***
30 января 2018 г. в 18:49
Завидев У Чихо вдали аллеи, я шагнул с дорожки и утопил ноги в высокой траве. Тень от листвы и цветов благоухающей сакуры легла мне на лицо, скрывая заметные круги под глазами.
Парень улыбнулся и махнул мне рукой — я поёжился то ли от прохладного весеннего ветерка, то ли от предчувствия встречи с человеком, который смог бы хоть на некоторое время подарить мне критически необходимое в последнее время ощущение защищенности.

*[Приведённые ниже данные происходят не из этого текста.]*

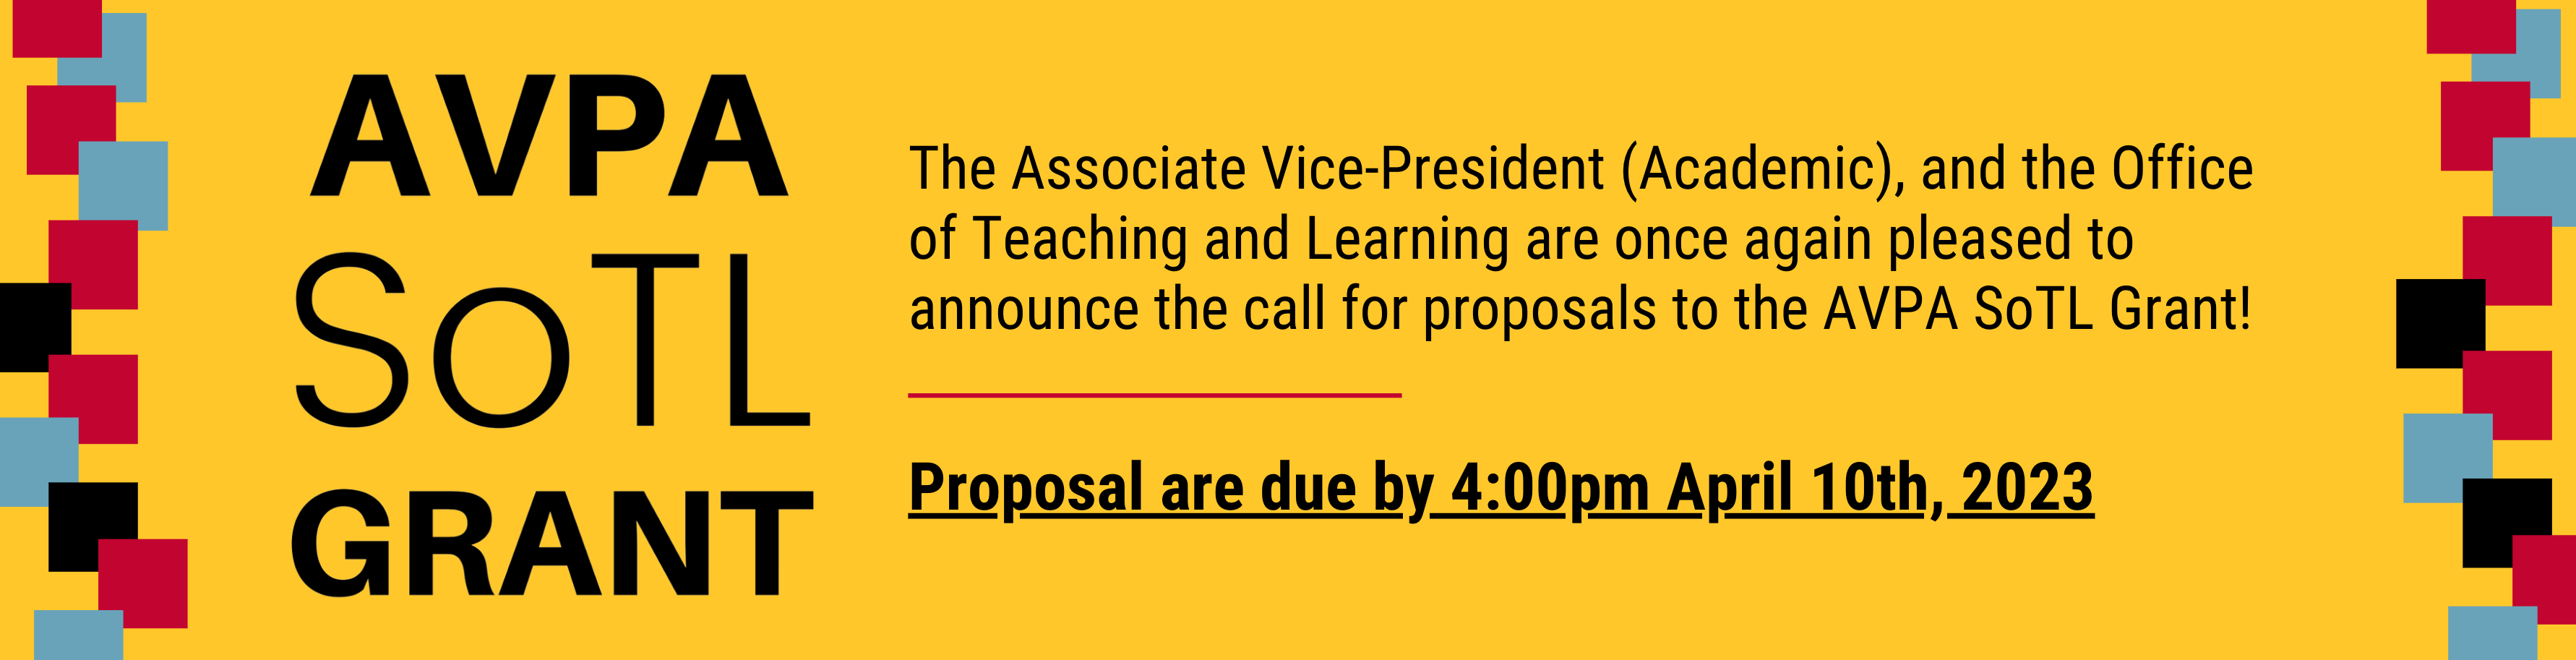 The Associate Vice-President (Academic), and the Office of Teaching and Learning are once again pleased to announce the call for proposals to the AVPA SoTL Grant! Proposal are due by 4:00pm March 24th, 2023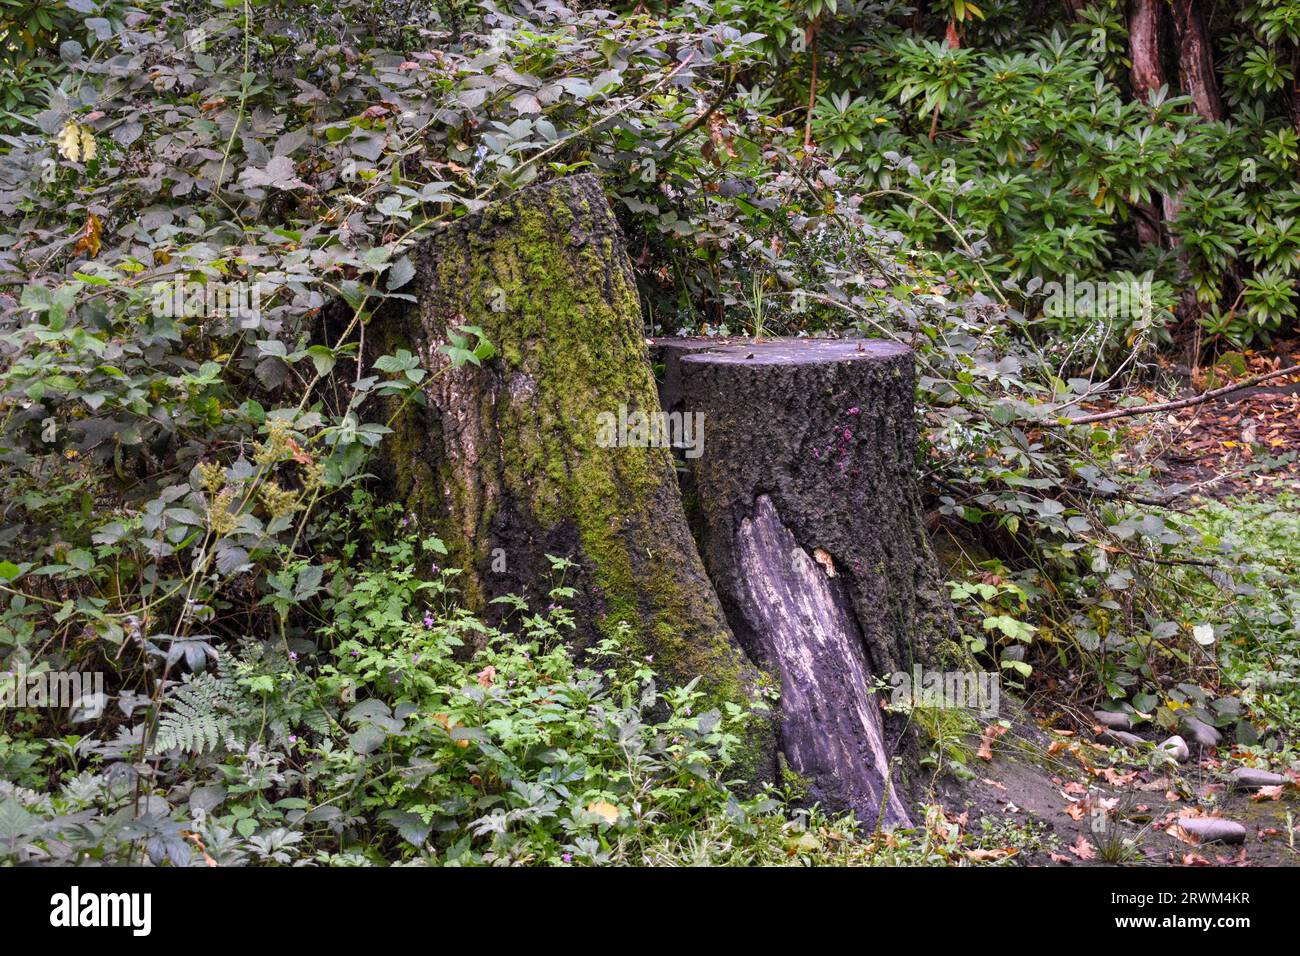 Two tree stumps hugging together, cut at different heights and partially covered by plant life in a dark wooded area of Cumbria. Stock Photo

Лепестки цветов разлетелись от взмаха полов его удлинённой цыплячьего цвета рубашки в клетку. Я тут же осмотрел себя с головы до ног: обычные светлые брюки, мятая белая футболка и такого же цвета рубашка с расстёгнутыми на длинных рукавах пуговицами — вполне подходящий наряд для такого места, как это. И мне вдруг захотелось исчезнуть, просто раствориться в воздухе, чтобы он не увидел меня таким: слабым, худым и совершенно уставшим.
Мы неловко обнялись, когда У Чихо поравнялся со мной, и уселись на обшарпанную скамейку: он широко расставил ноги и расслабленно откинулся на спинку, я пристроился на краю, сжавшись в комок, и попытался уменьшиться.
Он положил свой рюкзак на колени и расстегнул молнию.
— Я принес то, что ты просил, и купил тебе кое-что вкусное, — он улыбнулся.
— Зря ты принес еды, они все равно проверят сумку и отберут ее: не положено, — я отвернулся и подтянул колени к подбородку.
Он замешкался ненадолго, пересыпая в пакетике мармелад. Я не имел представления, почему сказал вдруг это, ведь это была неправда: до содержимого моей сумки никому и дела не было. Мне просто страшно захотелось причинить ему боль, чтобы он смог почувствовать хоть на секунду то же, что чувствую я в последние четыре дня. Злость заклокотала где-то в груди, в своем воображении я уже вскочил, выхватил из его рук сумку и высыпал её содержимое на дорожку.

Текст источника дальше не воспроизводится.